On Wed, Jan 15, 2020 at 08:14:10PM -0500, Joel Fernandes wrote:
> On Tue, Dec 31, 2019 at 01:22:41PM +0100, Uladzislau Rezki (Sony) wrote:
> > kfree_rcu() logic can be improved further by using kfree_bulk()
> > interface along with "basic batching support" introduced earlier.
> > 
> > The are at least two advantages of using "bulk" interface:
> > - in case of large number of kfree_rcu() requests kfree_bulk()
> >   reduces the per-object overhead caused by calling kfree()
> >   per-object.
> > 
> > - reduces the number of cache-misses due to "pointer chasing"
> >   between objects which can be far spread between each other.
> > 
> > This approach defines a new kfree_rcu_bulk_data structure that
> > stores pointers in an array with a specific size. Number of entries
> > in that array depends on PAGE_SIZE making kfree_rcu_bulk_data
> > structure to be exactly one page.
> > 
> > Since it deals with "block-chain" technique there is an extra
> > need in dynamic allocation when a new block is required. Memory
> > is allocated with GFP_NOWAIT | __GFP_NOWARN flags, i.e. that
> > allows to skip direct reclaim under low memory condition to
> > prevent stalling and fails silently under high memory pressure.
> > 
> > The "emergency path" gets maintained when a system is run out
> > of memory.

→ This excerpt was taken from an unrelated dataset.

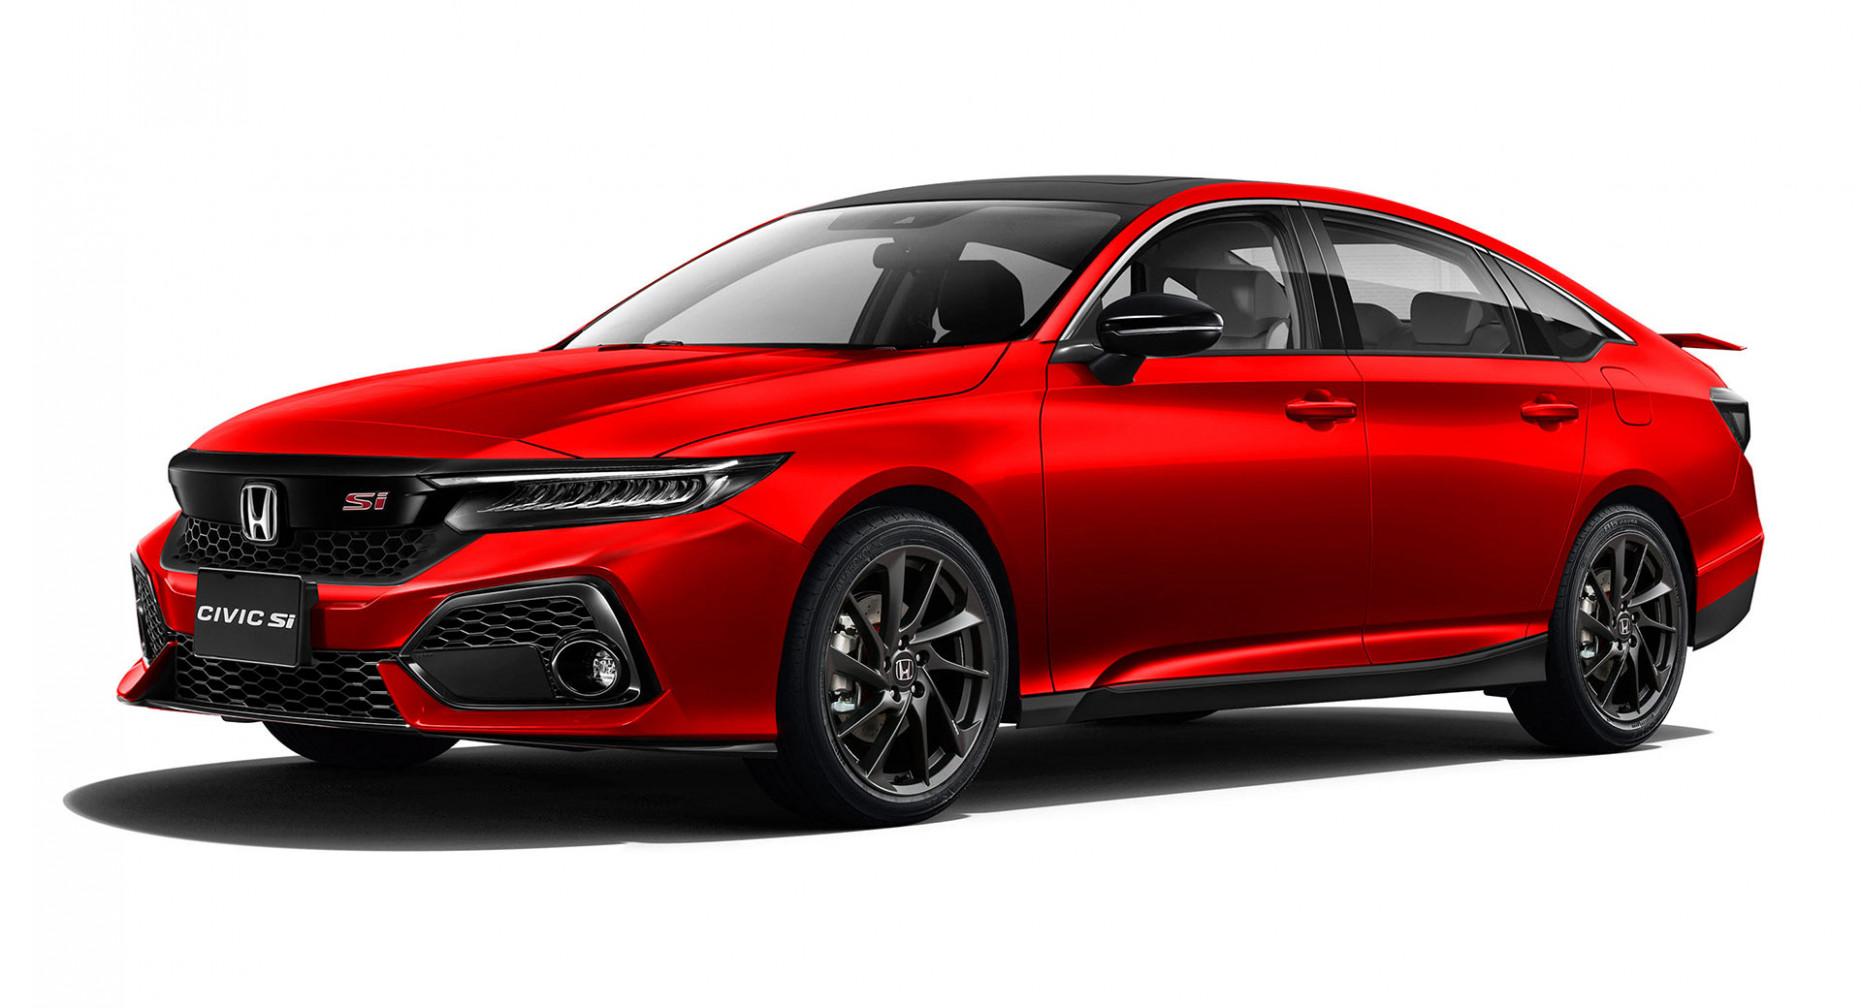 Performance 2022 Honda Civic Si

In that case objects are linked into regular list
> > and that is it.
> > 
> > In order to evaluate it, the "rcuperf" was run to analyze how
> > much memory is consumed and what is kfree_bulk() throughput.
> > 
> > Testing on the HiKey-960, arm64, 8xCPUs with below parameters:
> > 
> > CONFIG_SLAB=y
> > kfree_loops=200000 kfree_alloc_num=1000 kfree_rcu_test=1
> > 
> > 102898760401 ns, loops: 200000, batches: 5822, memory footprint: 158MB
> > 89947009882  ns, loops: 200000, batches: 6715, memory footprint: 115MB
> > 
> > rcuperf shows approximately ~12% better throughput(Total time)

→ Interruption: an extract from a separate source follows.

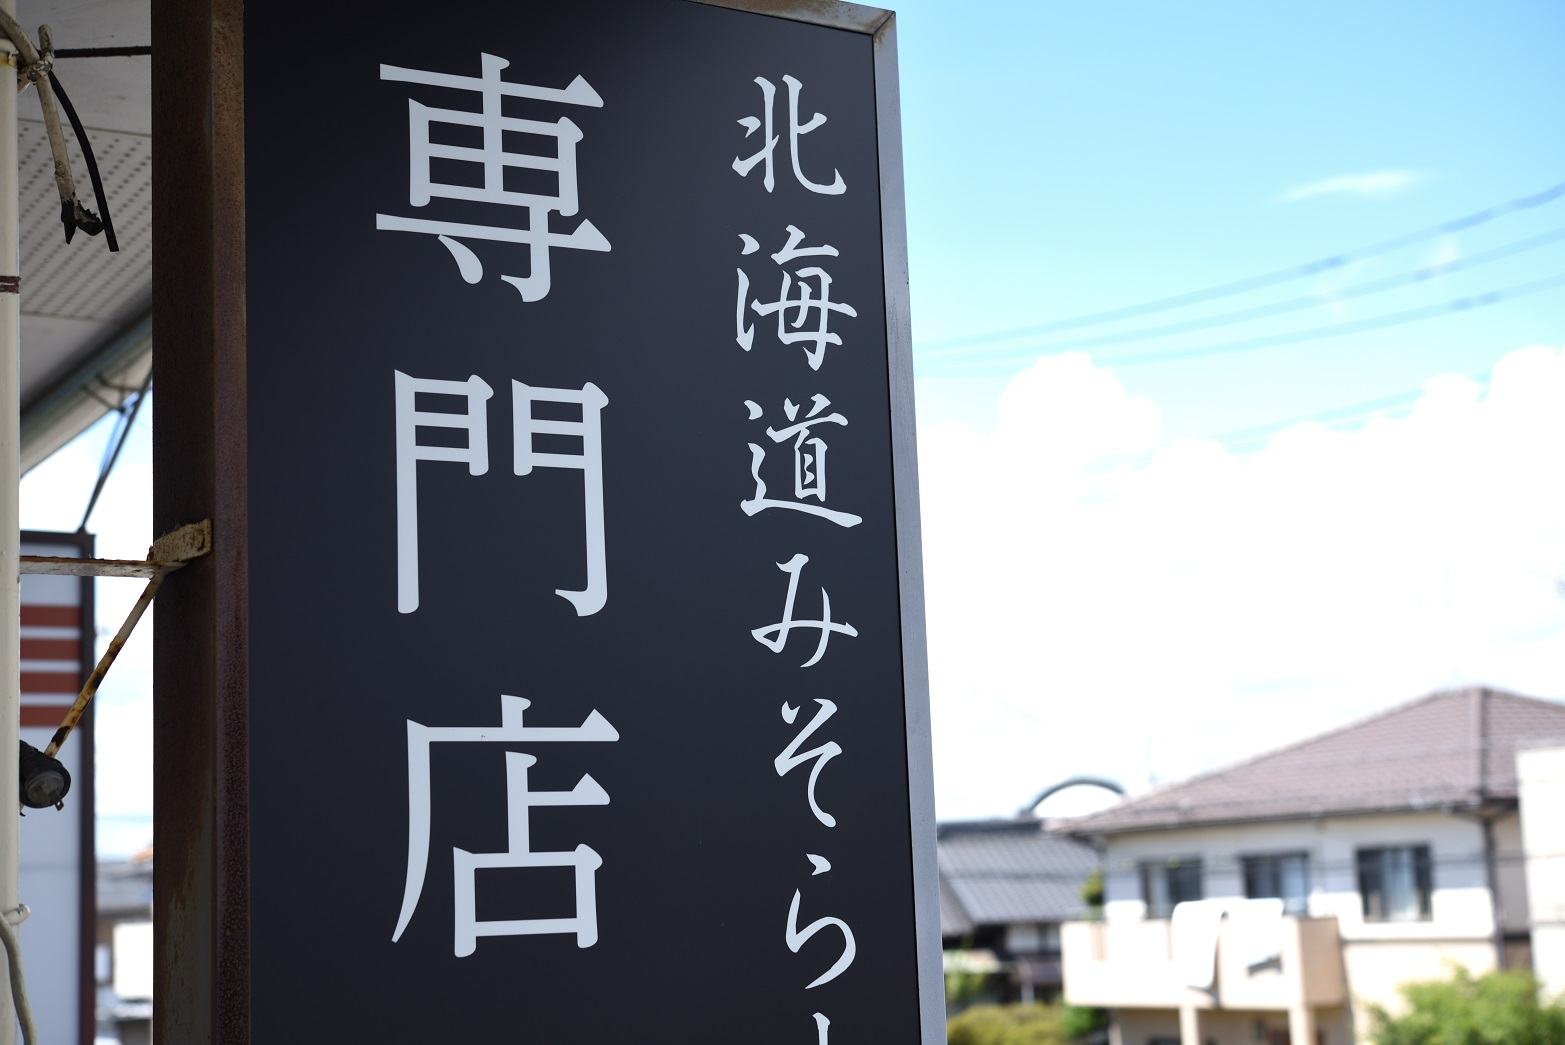 北海道みそらーめん専門店 志のや 志のやみそらーめん

> > in case of using "bulk" interface. The "drain logic" or its RCU
> > callback does the work faster that leads to better throughput.
> 
> Tested-by: Joel Fernandes (Google) <joel@joelfernandes.org>
> 
> (Vlad is going to post a v2 which fixes a debugobjects bug but that should
> not have any impact on testing).

Very good!  Uladzislau, could you please add Joel's Tested-by in
your next posting?

							Thanx, Paul

> thanks,
> 
>  - Joel
> 
> 
> 
> > 
> > Signed-off-by: Uladzislau Rezki (Sony) <urezki@gmail.com>
> > ---
> >  kernel/rcu/tree.c | 154 ++++++++++++++++++++++++++++++++++++++--------
> >  1 file changed, 130 insertions(+), 24 deletions(-)
> > 
> > diff --git a/kernel/rcu/tree.c b/kernel/rcu/tree.c
> > index 48fba2257748..4ee5c737558b 100644
> > --- a/kernel/rcu/tree.c
> > +++ b/kernel/rcu/tree.c
> > @@ -2754,22 +2754,45 @@ EXPORT_SYMBOL_GPL(call_rcu);
> >  #define KFREE_DRAIN_JIFFIES (HZ / 50)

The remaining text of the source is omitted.